WAL and crash recovery. A new WAL record type (likely XLOG_BTREE_MERGE) is needed. It must be idempotent on redo and must correctly handle partial merges if a crash occurs between the leaf-level merge and the parent-level downlink update. The existing btree_xlog_unlink_page logic is a useful template but is not sufficient.
Reverse scans. nbtree supports backward index scans via btpo_prev. Merging must update prev-links on the right-right neighbor atomically (under WAL) so that backward traversal does not land on a deleted page.
Unique-index and deduplication interactions. Deduplicated posting-list tuples (Peter Geoghegan's work, PG 13) complicate tuple counting: a page may look "sparse" in tuple count but be near-full in bytes, or vice versa. The merge decision heuristic must use byte-level fill factor, not tuple counts.
VACUUM integration. The natural home for merging is btvacuumscan / btvacuumpage, which already walks pages in physical order and holds the cleanup lock. The student's framing ("VACUUM can only delete pages that are completely empty") correctly identifies the integration point.

Proposed Approach — Assessment

The proposal states: "identify adjacent sparse pages that share the same parent, consolidate their tuples into a single page, and update the parent node's downlinks accordingly."

This is the textbook approach, and the "same parent" restriction is a pragmatic simplification that avoids cross-subtree rebalancing. However, several design decisions are left open:

Trigger policy: threshold-based (e.g., both pages <40% full) vs. opportunistic during VACUUM vs. a new maintenance command.

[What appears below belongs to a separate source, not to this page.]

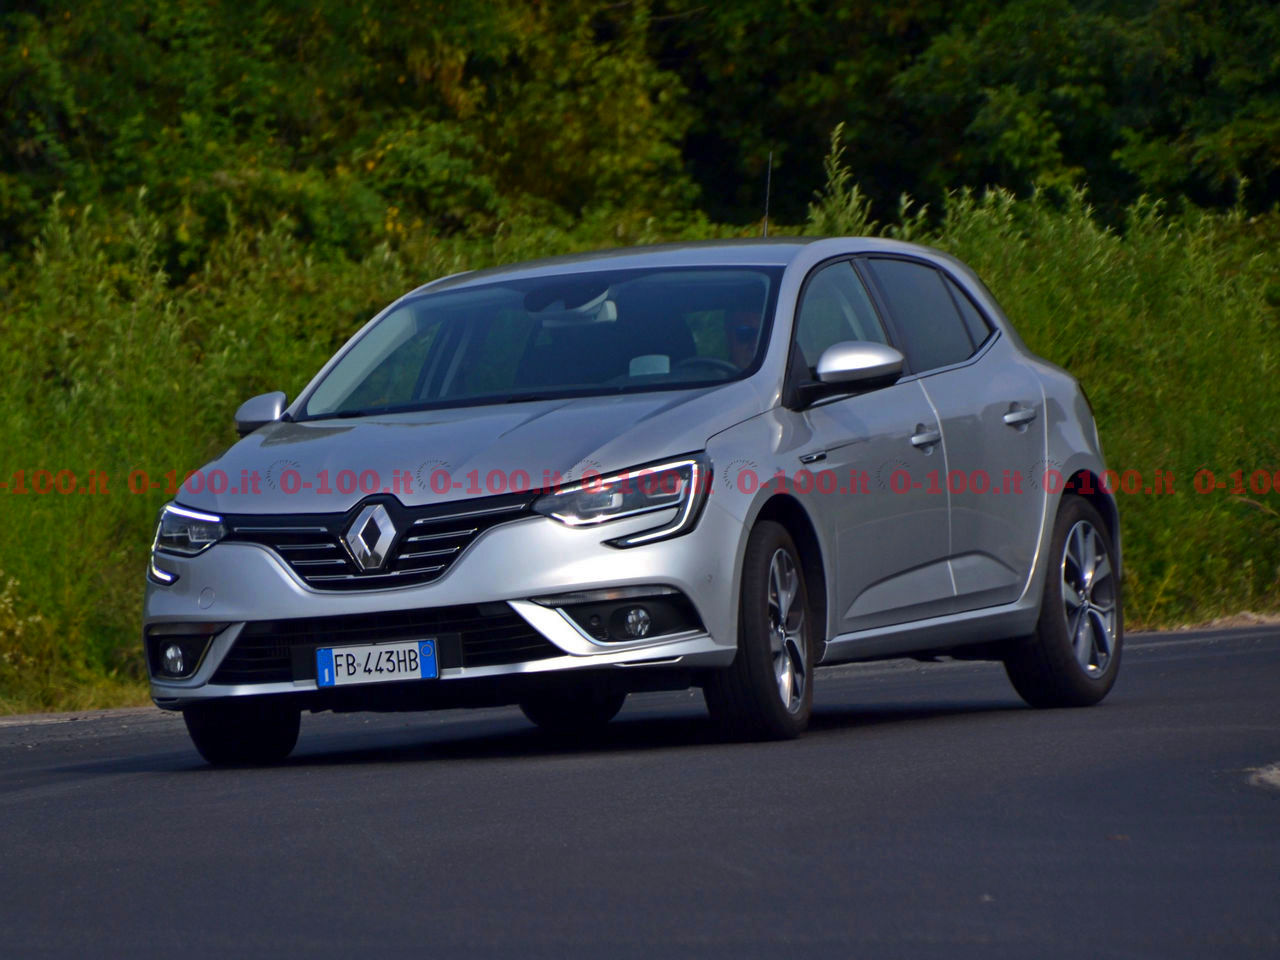 Renault-Megane-GT-Bose-dCi-130-test-prova-opinioni_0-100_13

This has large performance implications — aggressive merging can thrash with subsequent inserts that re-split.
Locking order: left-then-right is the nbtree convention; the merge must respect this to avoid deadlock with concurrent splits (which also lock left-to-right).
Rightmost page handling: the rightmost leaf has special status (P_RIGHTMOST) and its high key semantics differ.
Interaction with _bt_getbuf / FSM: the freed page must go through the same recycling protocol (with xid horizon) that _bt_unlink_page uses, otherwise concurrent scanners can follow a stale right-link into a reused page.

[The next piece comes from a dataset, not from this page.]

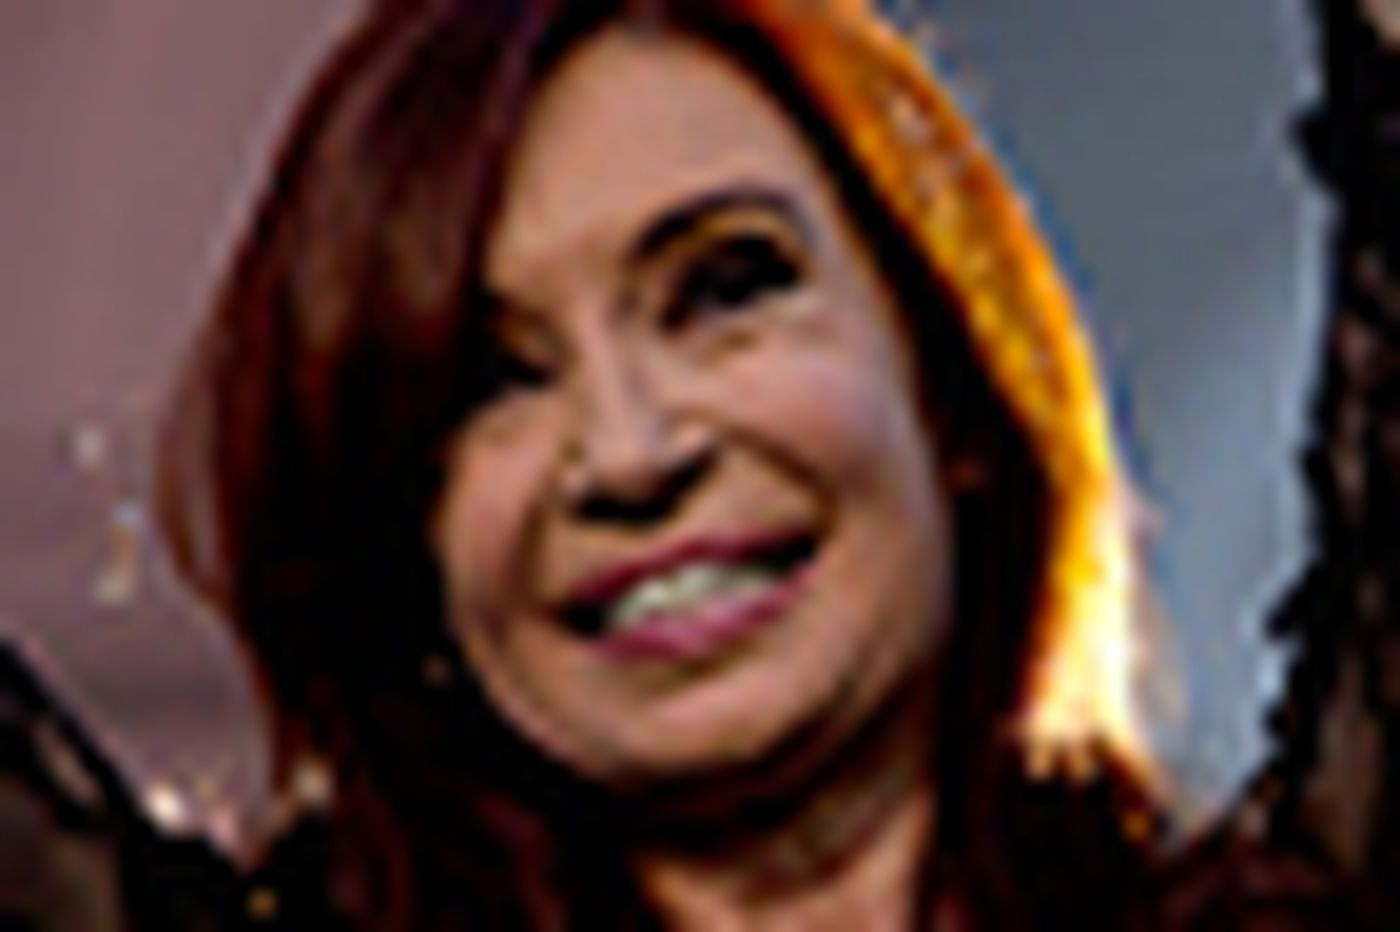 Argentina's Fernandez sworn in for 2d term

The student's tooling branch (visualizing nbtree before/after merge) is a sensible starting point — being able to inspect page-level state is essential for debugging concurrency bugs in this code.

Strategic Assessment

The scope described ("finalize analysis, identify impacted areas: WAL, reverse/forward scans, RECOVERY, testing") is realistic for a GSoC timeline in that analysis and a prototype are achievable. The student's own acknowledgment that it "might not get committed during GSoC2026" is calibrated correctly — page merging in nbtree has been discussed on -hackers periodically for years without landing, and a committer (most likely Peter Geoghegan, the de facto nbtree maintainer) would need to be deeply involved for this to ever reach master. Notably, Peter Geoghegan is not listed among the mentors (Kirk Wolak, Andreas, Pavlo Golub, Nikolay Samokhvalov, Andrei Lepikhov), which means the patch will need to win over the actual nbtree gatekeeper separately.

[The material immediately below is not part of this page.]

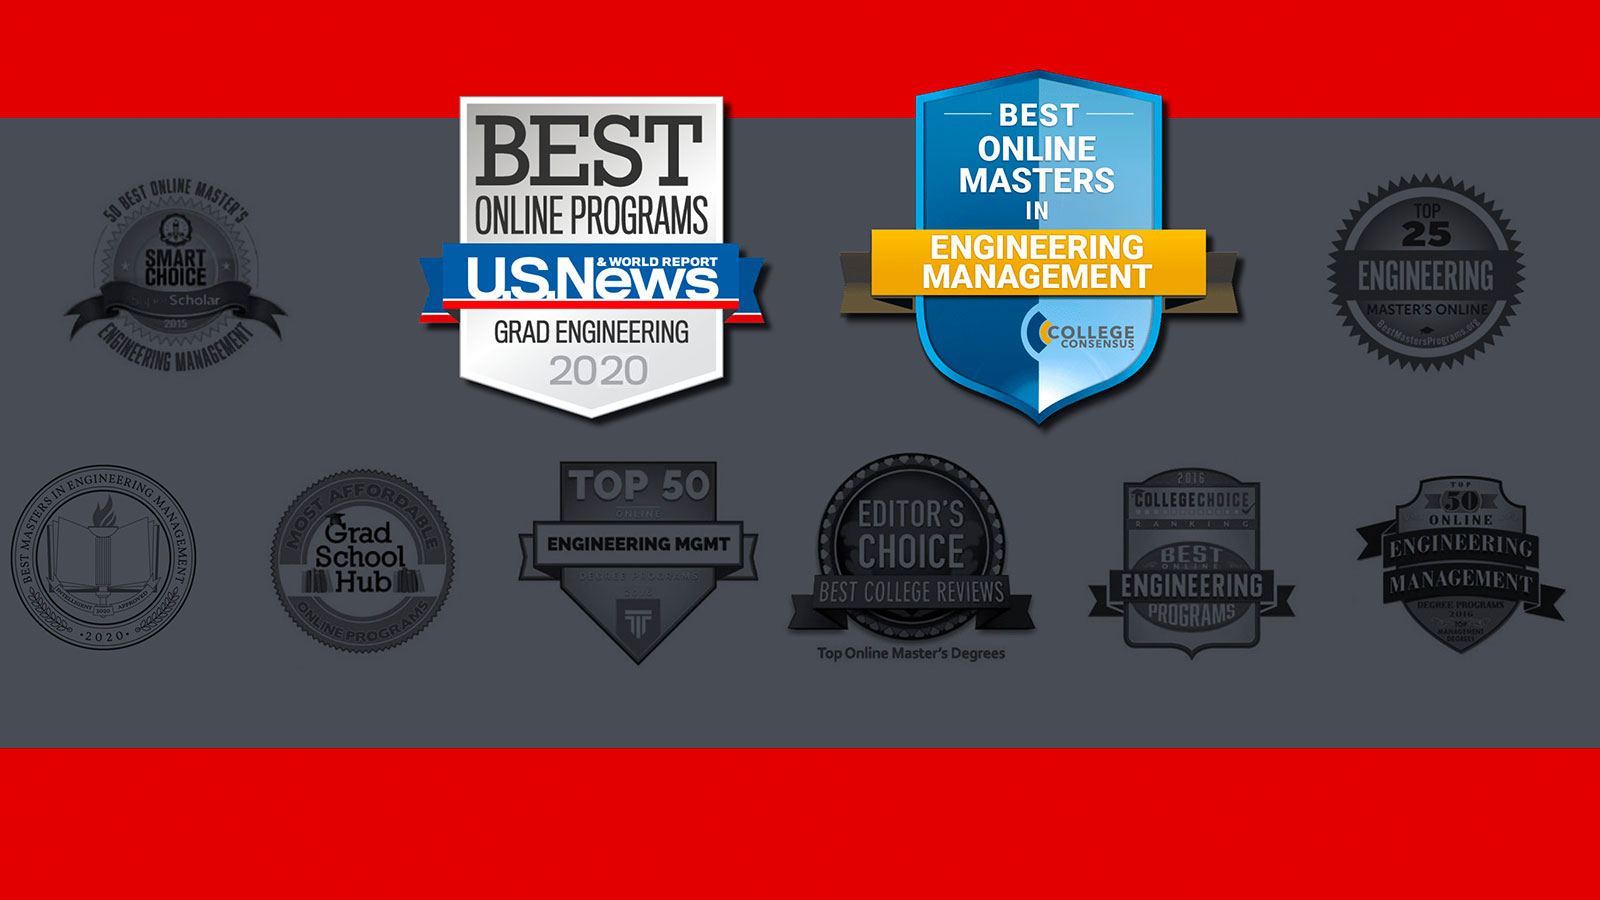 MEM Rankings and Awards

The mentor list is interesting: Pavlo Golub and Nikolay Samokhvalov are associated with the Postgres.ai / performance-tuning community where index bloat is a front-and-center operational pain point, which explains the project's motivation. Andrei Lepikhov has committer-adjacent experience on planner/executor work. None of the named mentors are primary nbtree hackers, which is a structural risk for the project.

Outlook

For this effort to succeed beyond GSoC, the design document will need to engage with prior -hackers discussions on B-tree rebalancing and with Peter Geoghegan's published reasoning for why deduplication + bottom-up index deletion (PG 14) were preferred over merging as bloat mitigations. Those features already absorb much of the motivating workload; the incremental case for merging must be made on top of them, not as if they didn't exist.